# used ATV registration and Certificate of Origin?



## gastrohman (Jan 17, 2009)

Bought a used ATV from an individual in Alabama.  My understanding is that no title or registration is required in Georgia.  Is this correct?

I have a Bill of Sale from the individual which I guess I just keep for my records - correct?

Oh, and I have the Certificate of Origin.  What do I do with this exactly?  Do I contact Honda and let them know I am now the owner?
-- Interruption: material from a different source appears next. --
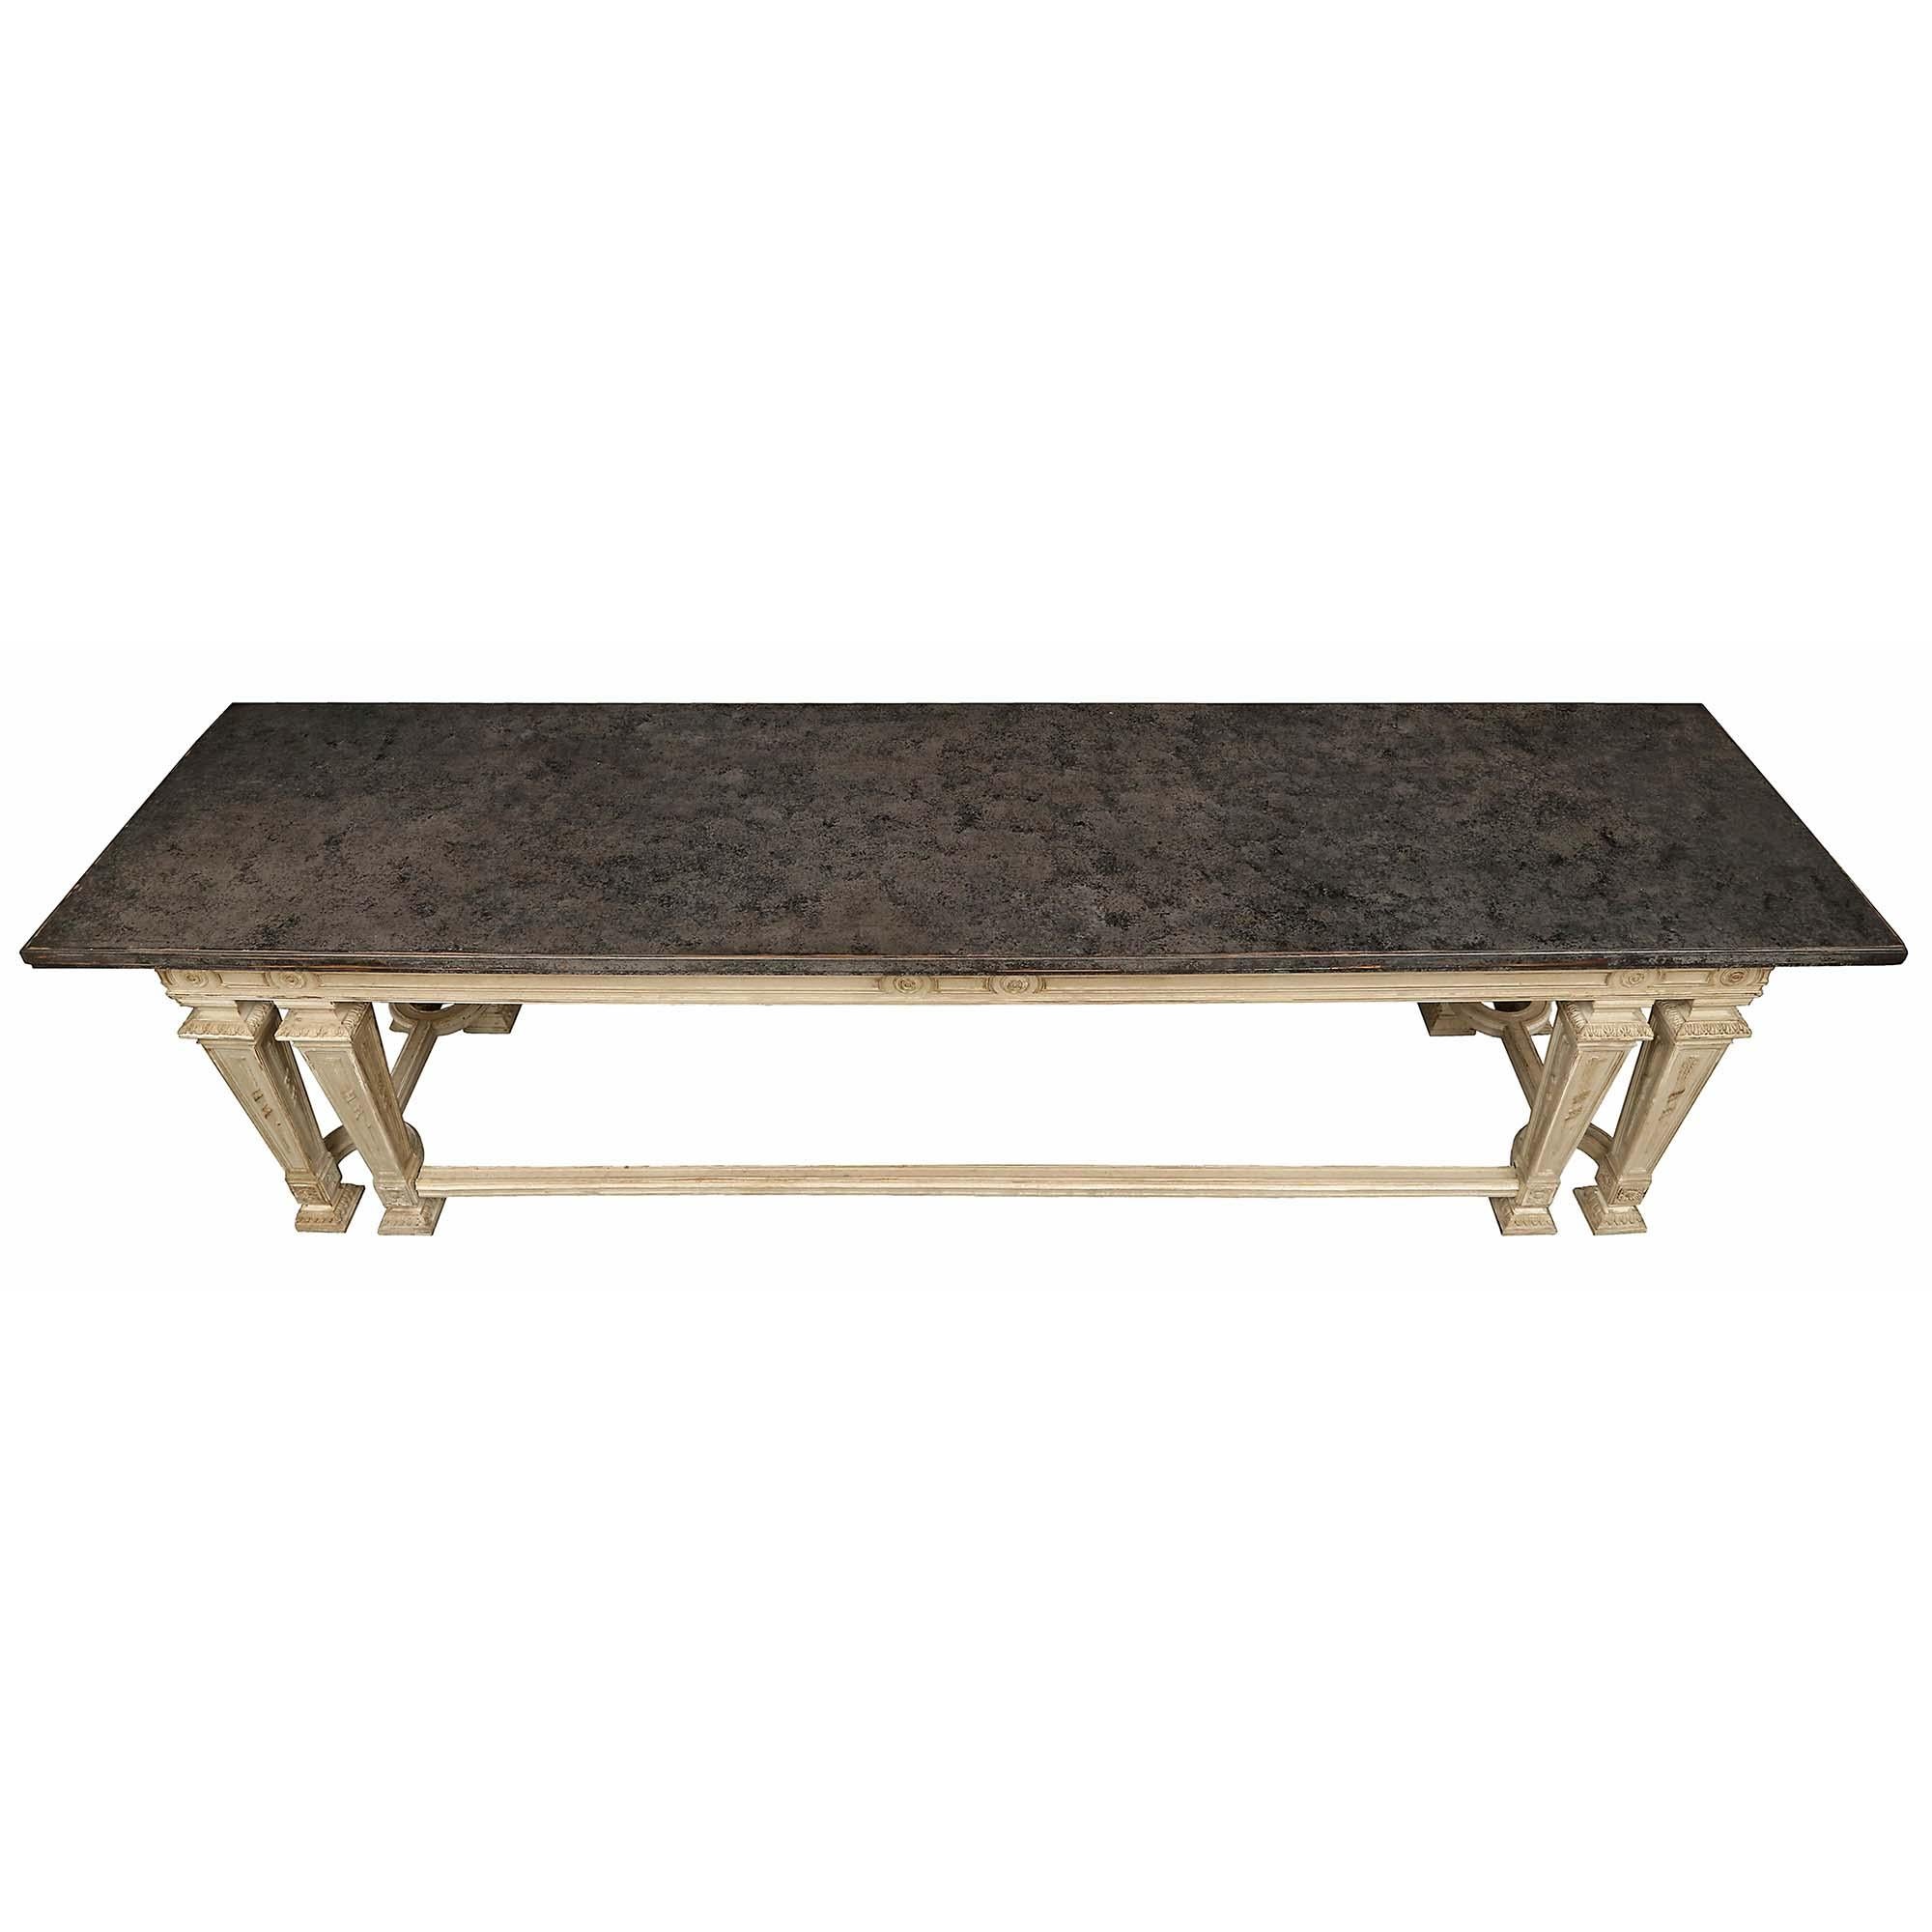 A very attractive French turn of the century Louis XIV style the patinated center or library table. The table is raised by eight handsome square tapered legs with richly carved feet, block cabochons, and arrows on a recessed panel, connected by a

As it stands, I don't believe I need to go visit any local tag office or anything and want to make sure that is right.

Thanks.


----------



## btt202 (Jan 17, 2009)

not unless you want to pay taxes for something you bought out of state !!!!!!! you not going to ride on the road with a tag why go to them...


----------



## Skunked (Jan 17, 2009)

The certificate of origin is the title.  Just keep it in your records.  In the future if you go to sell it again that goes with it.


----------



## BANDT (Jan 20, 2009)

Georgia is a "BILL OF SALE" only state for atvs and off road motorcycles. No title or Certificate of Origin needed. That Certificate of Origin isnt worth the cost of the paper its written on.


----------



## BANDT (Jan 20, 2009)

Skunked said:


> The certificate of origin is the title.  Just keep it in your records.  In the future if you go to sell it again that goes with it.



100% false


----------



## Skunked (Jan 20, 2009)

BANDT said:


> 100% false



If the certificate of origin on a car is the title.  Then most certainly the certificate of origin on a four-wheeler is the title.  If there is no need for them, then why would they send them to you?  If you don't have any paperwork regarding the four wheeler then couldn't anybody just look at a fourwheeler and say "that it is theirs".  When a fourwheeler is stolen they want the frame number for identification and on the certificate of origin is the frame number.  I am just stating what I know and what I perceive as common knowledge.  I am curious to know where you obtained the information that you have.


----------



## gastrohman (Jan 22, 2009)

Thanks, guys!


----------